А я из-за картины «Приходите завтра...» не попал в «Современник». Мечтал о нем, еще работая в Ярославле. Приезжал тогда в Москву и присутствовал на репетициях — артистов допускали. Познакомился с Евгением Евстигнеевым. Уже в Одессе, увидев меня в театре, он говорит: «Что ты здесь время теряешь? Давай к нам!» И вот когда приехали с картиной «Приходите завтра...» в экспедицию в Москву, мне назначили встречу в «Современнике» — на три часа, поскольку в два обычно съемки заканчивались. Но в тот день солнышко не вышло — прождали его весь день. Я не мог уйти с площадки и просто плакал! Директор картины отправилась в «Современник», передала Евстигнееву, что Горобец не приедет. Так стыдно было, что людей подвел... И больше не решился к нему обратиться. Спустя годы встретились с Женей на съемках «Обвиняются в убийстве», он только рукой махнул: «Что же ты... Приехал бы! Понимаю, мы все киношники!»

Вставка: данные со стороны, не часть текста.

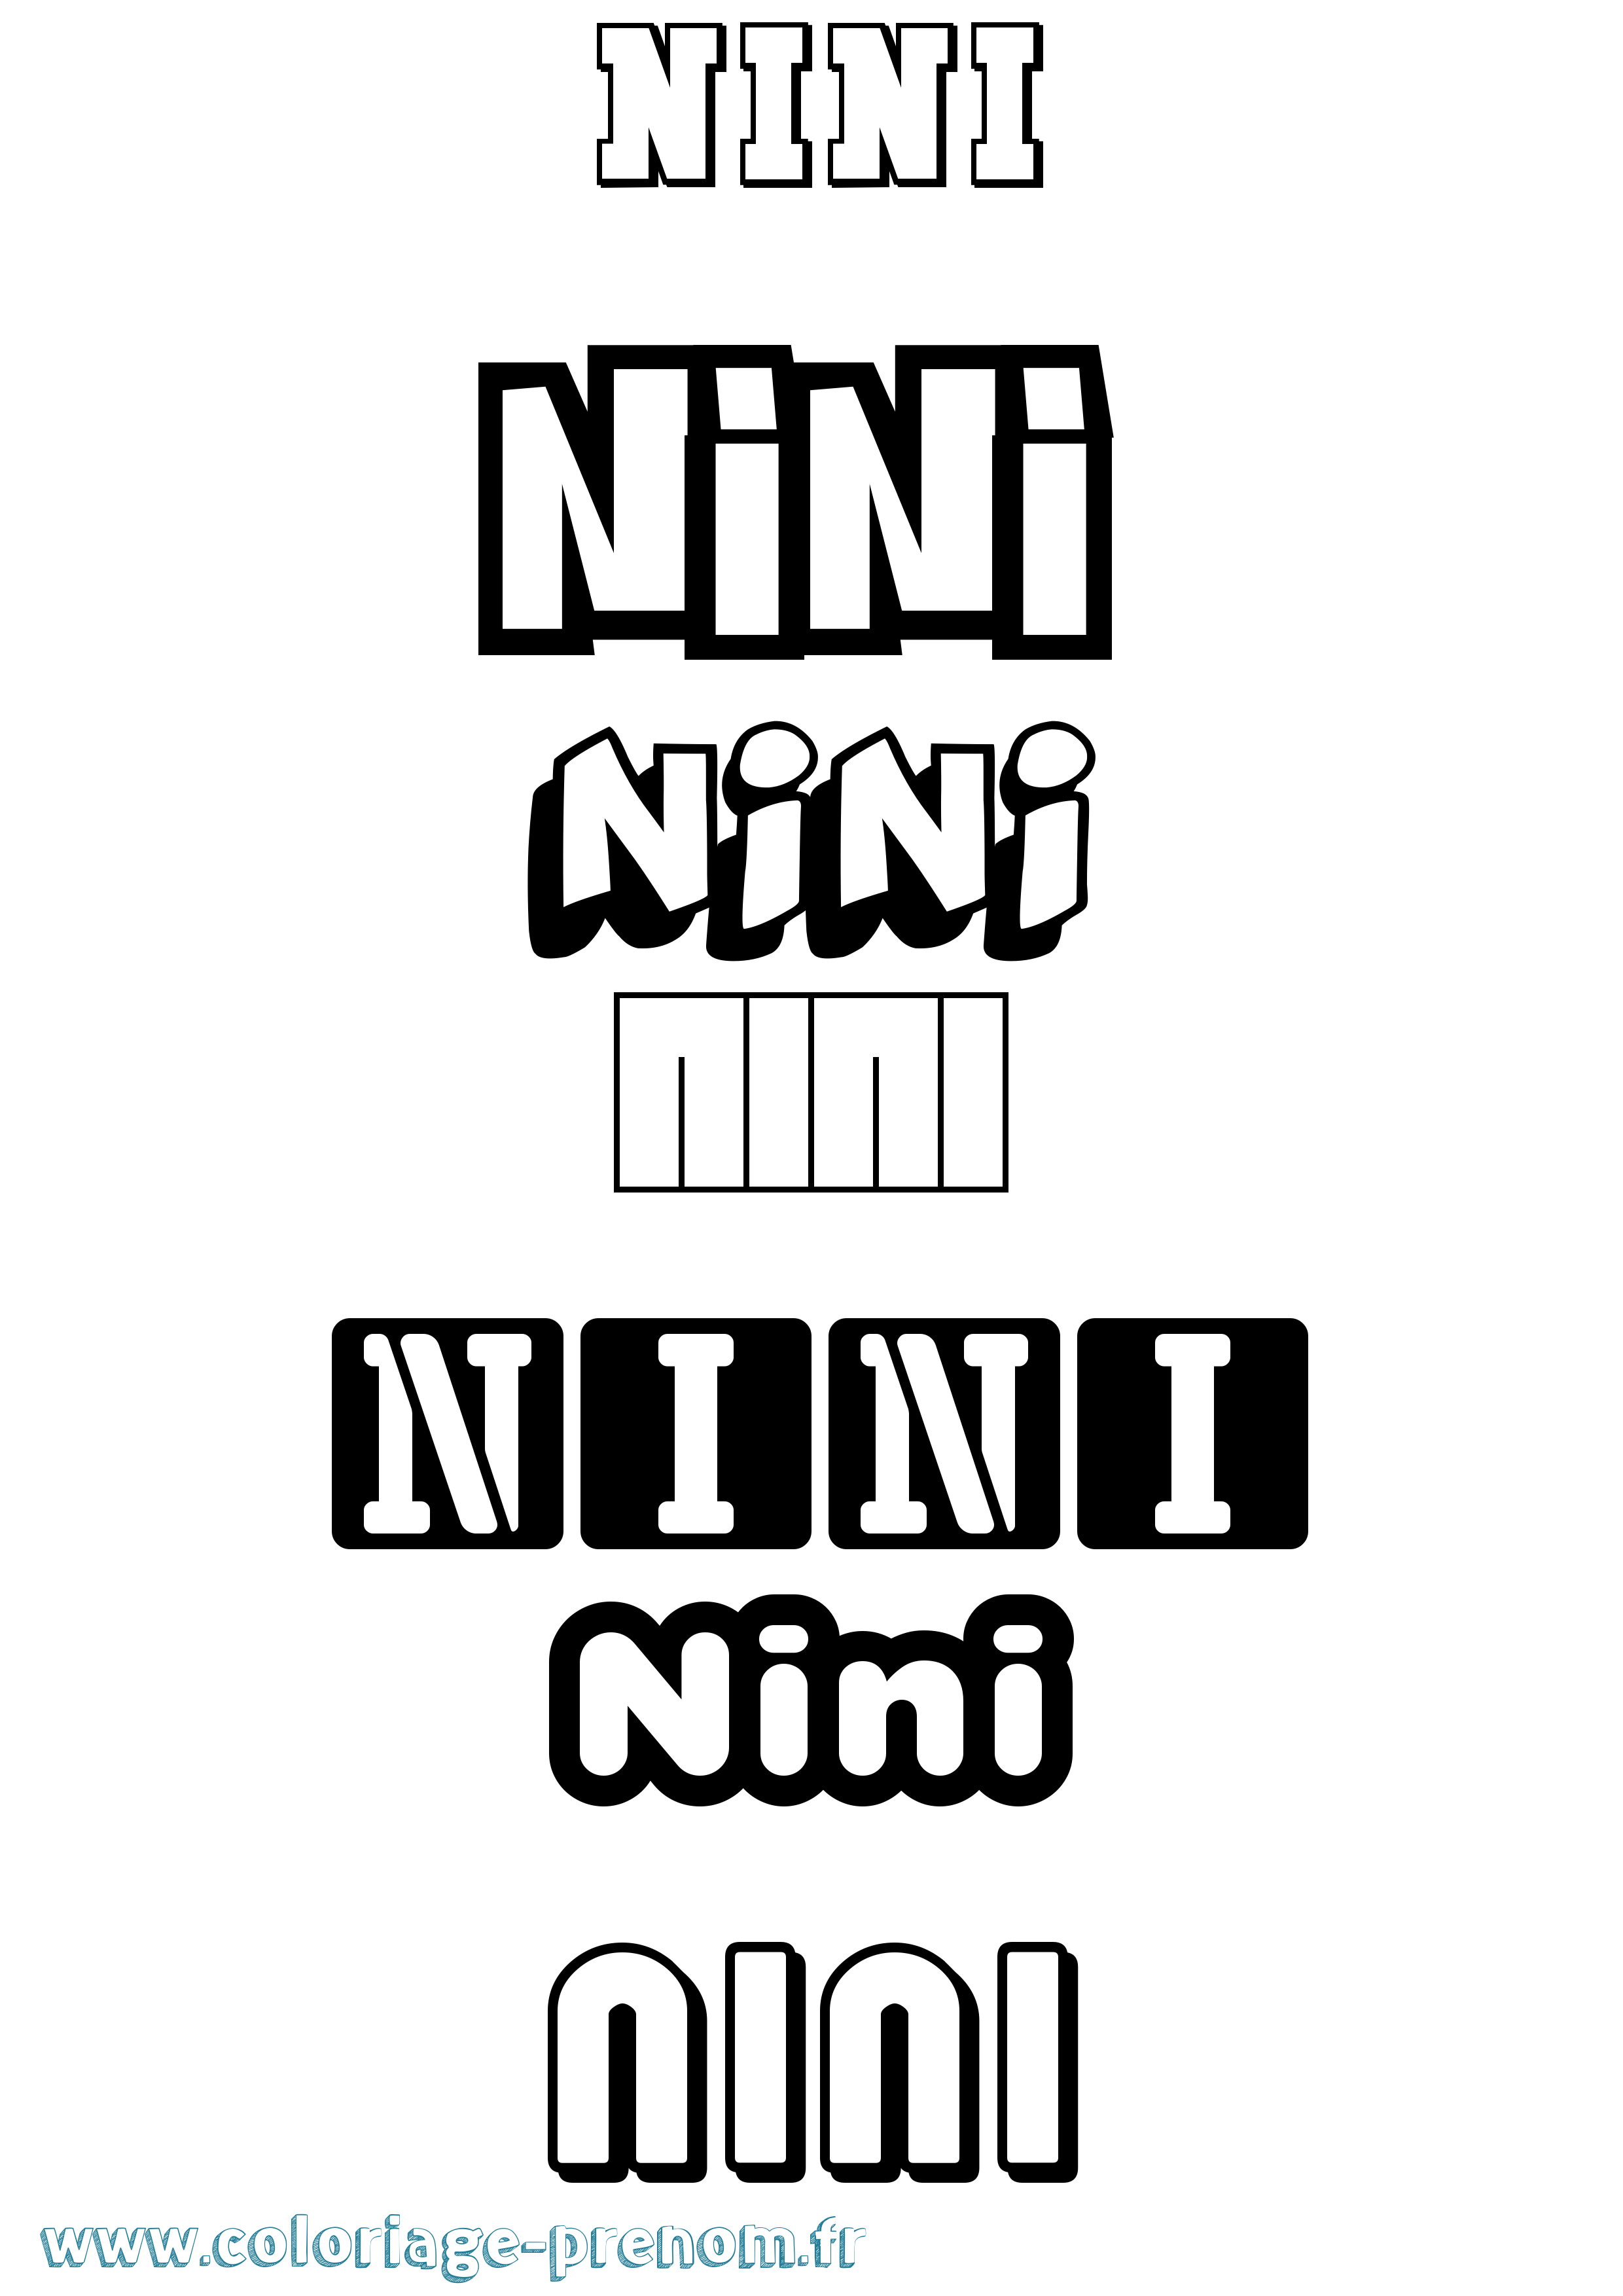 Coloriage prénom Nini Simple

Но Москва все же заманила. Однажды в Одессе на моем спектакле побывал режиссер Борис Равенских, его только что назначили худруком столичного Театра имени Пушкина. После сидели компанией, что-то дегустировали, и директор Пушкинского Михаил Зайцев вдруг говорит: «Поступай к нам!» Даже дату назначил. Я недолго думая уволился. Провожала меня вся одесская труппа: так наотмечались, что даже билет пришлось дважды сдавать (тогда его было легко перекомпостировать).
Прилетел в результате поздно, разыскал Театр имени Пушкина. Стучусь в дверь служебного входа, мне отвечают: «Ничего не знаем, про тебя никто не говорил, иди отсюда!» В кармане три рубля, остальное ушло на проводы в Одесском аэропорту. Куда деваться? Побрел в ресторан «Астория», который работал до утра. Перекусил и сижу, тяну время — все равно ночевать на бульваре. Но судьба смилостивилась: вдруг заходит Поженян что-то прикупить навынос. Видит меня: «Ты что здесь делаешь?» Отвез к себе домой, а сам уехал в гости догуливать. В итоге я остался у Гриши на полгода, практически на его содержании.

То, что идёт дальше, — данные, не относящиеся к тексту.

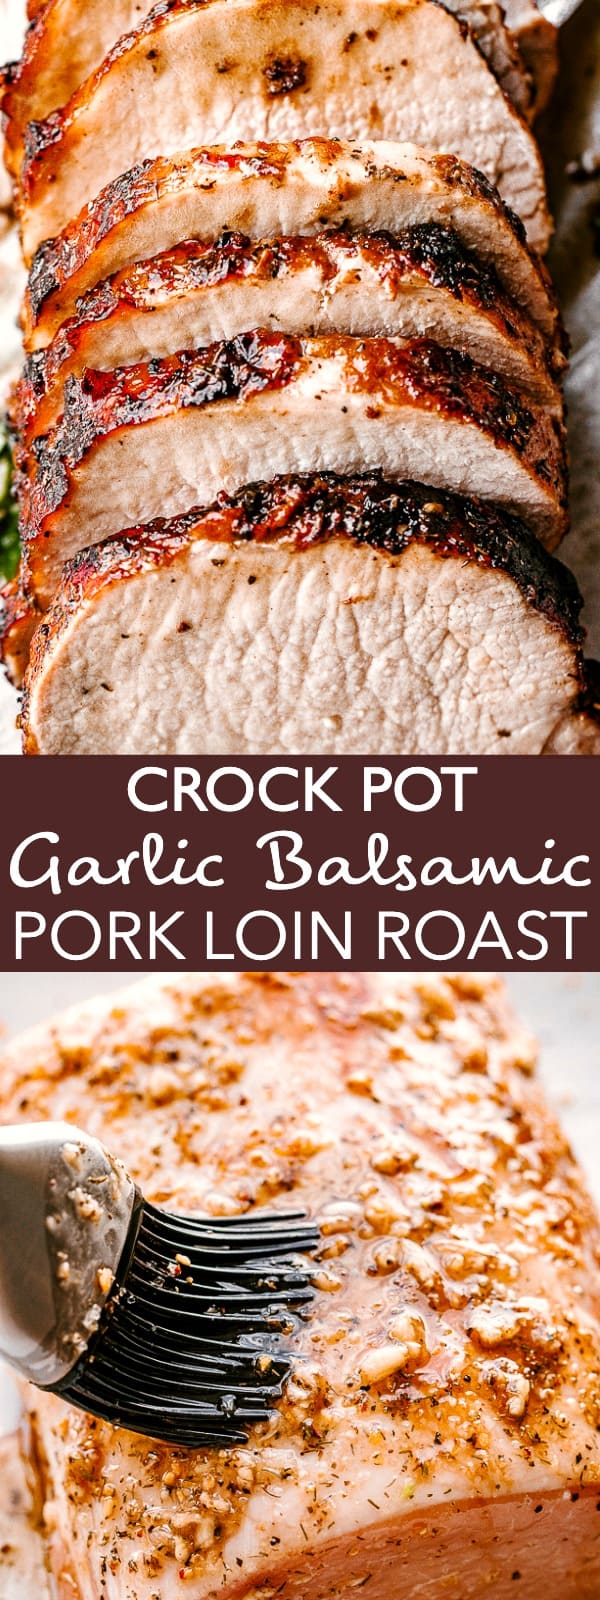 Crock Pot Garlic Balsamic Pork Loin Recipe | Diethood

А тогда переночевал и утречком опять в театр. Зайцев наш уговор вспомнил, но места в труппе не предложил. Следующие полгода каждый день появлялся в Пушкинском, сидел на репетициях, смотрел, как играет на гитаре под лестницей Владимир Высоцкий, а Фаина Раневская играет на сцене... Однажды заглянул в ГИТИС, встретил своего мастера Андрея Гончарова. «Приходи, — говорит, — ко мне на репетицию». Назавтра отправился к нему в Московский драматический театр на «Бауманскую». Вечером только вернулся к Поженяну, звонит завтруппой Пушкинского:
— Юрий Васильевич, почему вас сегодня не было в театре?
— Я полгода к вам просто так хожу!
— Борис Иванович обиделся! Приходите обязательно.
Моментально узнали, что артист, над которым издевались несколько месяцев, начинает репетировать на другой сцене! На следующий день я получил у Равенских сразу две хорошие роли.
В одном из спектаклей играла Раневская. Я видел, как она волнуется перед выходом на сцену. На мой взгляд, Фаина Георгиевна и в жизни постоянно играла, но тут волноваться приходилось тем, кто попадал под прицел ее иронии. Помню, на гастрольном концерте устроилась в задних рядах и зовет: «Мальчичек мой, иди сюда!» Сажусь рядом. Выходит коллега на сцену, а она через весь зал: «Мальчик, посмотри, какой упоительный идиот!» Когда театр был на Урале, Раневская подвернула ногу. На сцену вышла с трудом, а после спектакля за кулисами легла на кушетку и воскликнула: «Все! В Москву, в Москву!»